_Required action_: Only the lines below between the ones containing "Goodwill Changes Lives!" and "Nude Throw Pillow", inclusive, are to be reproduced, each exactly as it stands.

_Records for the task_:
════════

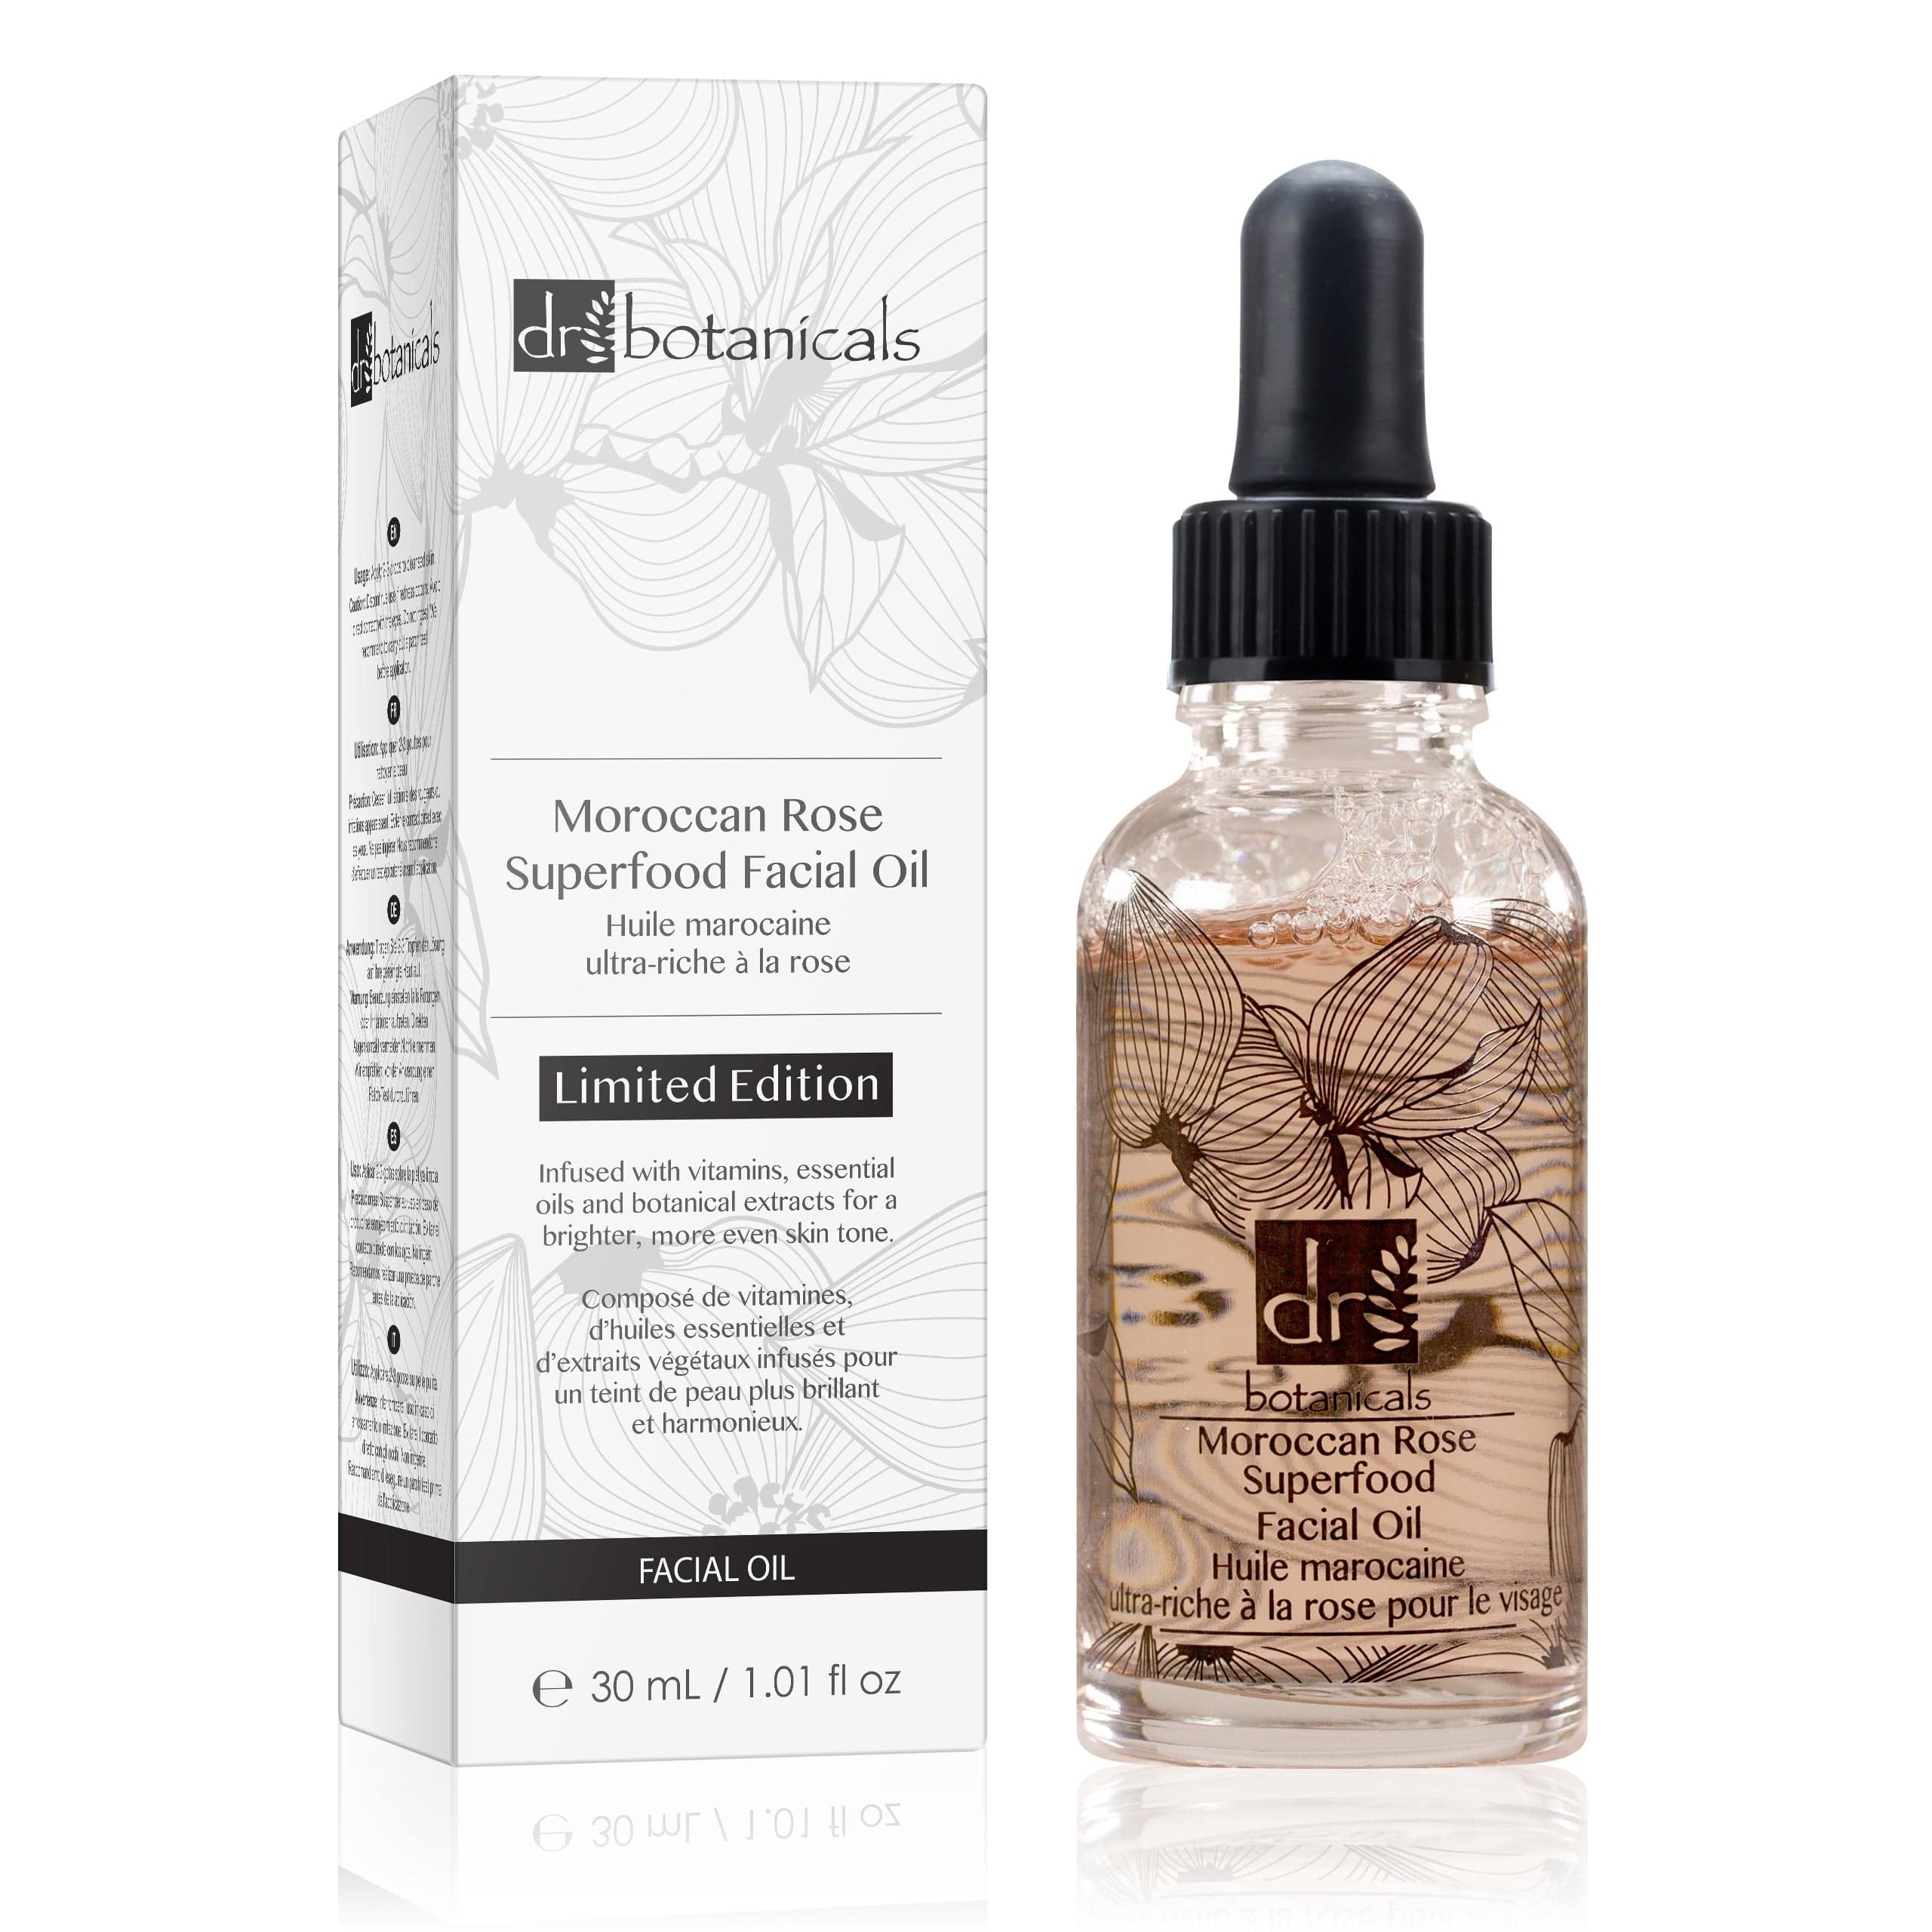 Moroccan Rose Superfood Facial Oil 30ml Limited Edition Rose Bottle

════════

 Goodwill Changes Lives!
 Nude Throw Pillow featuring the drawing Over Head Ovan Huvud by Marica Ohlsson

════════

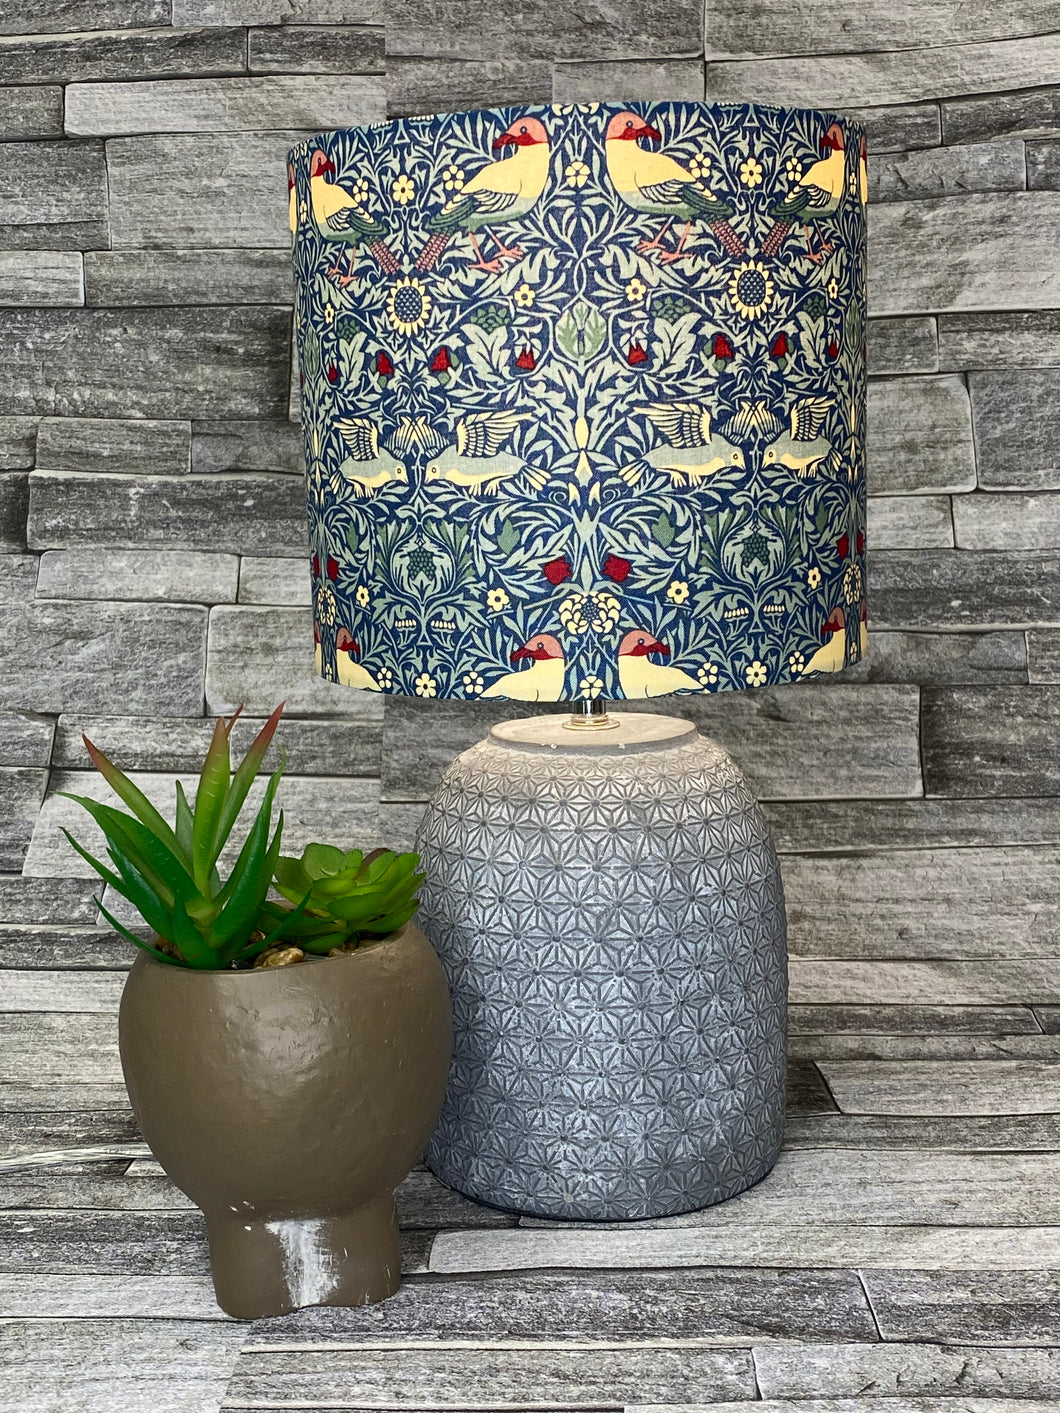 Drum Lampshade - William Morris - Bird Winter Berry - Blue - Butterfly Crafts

════════

_Task answer_:
 Goodwill Changes Lives!
 Nude Throw Pillow featuring the drawing Over Head Ovan Huvud by Marica Ohlsson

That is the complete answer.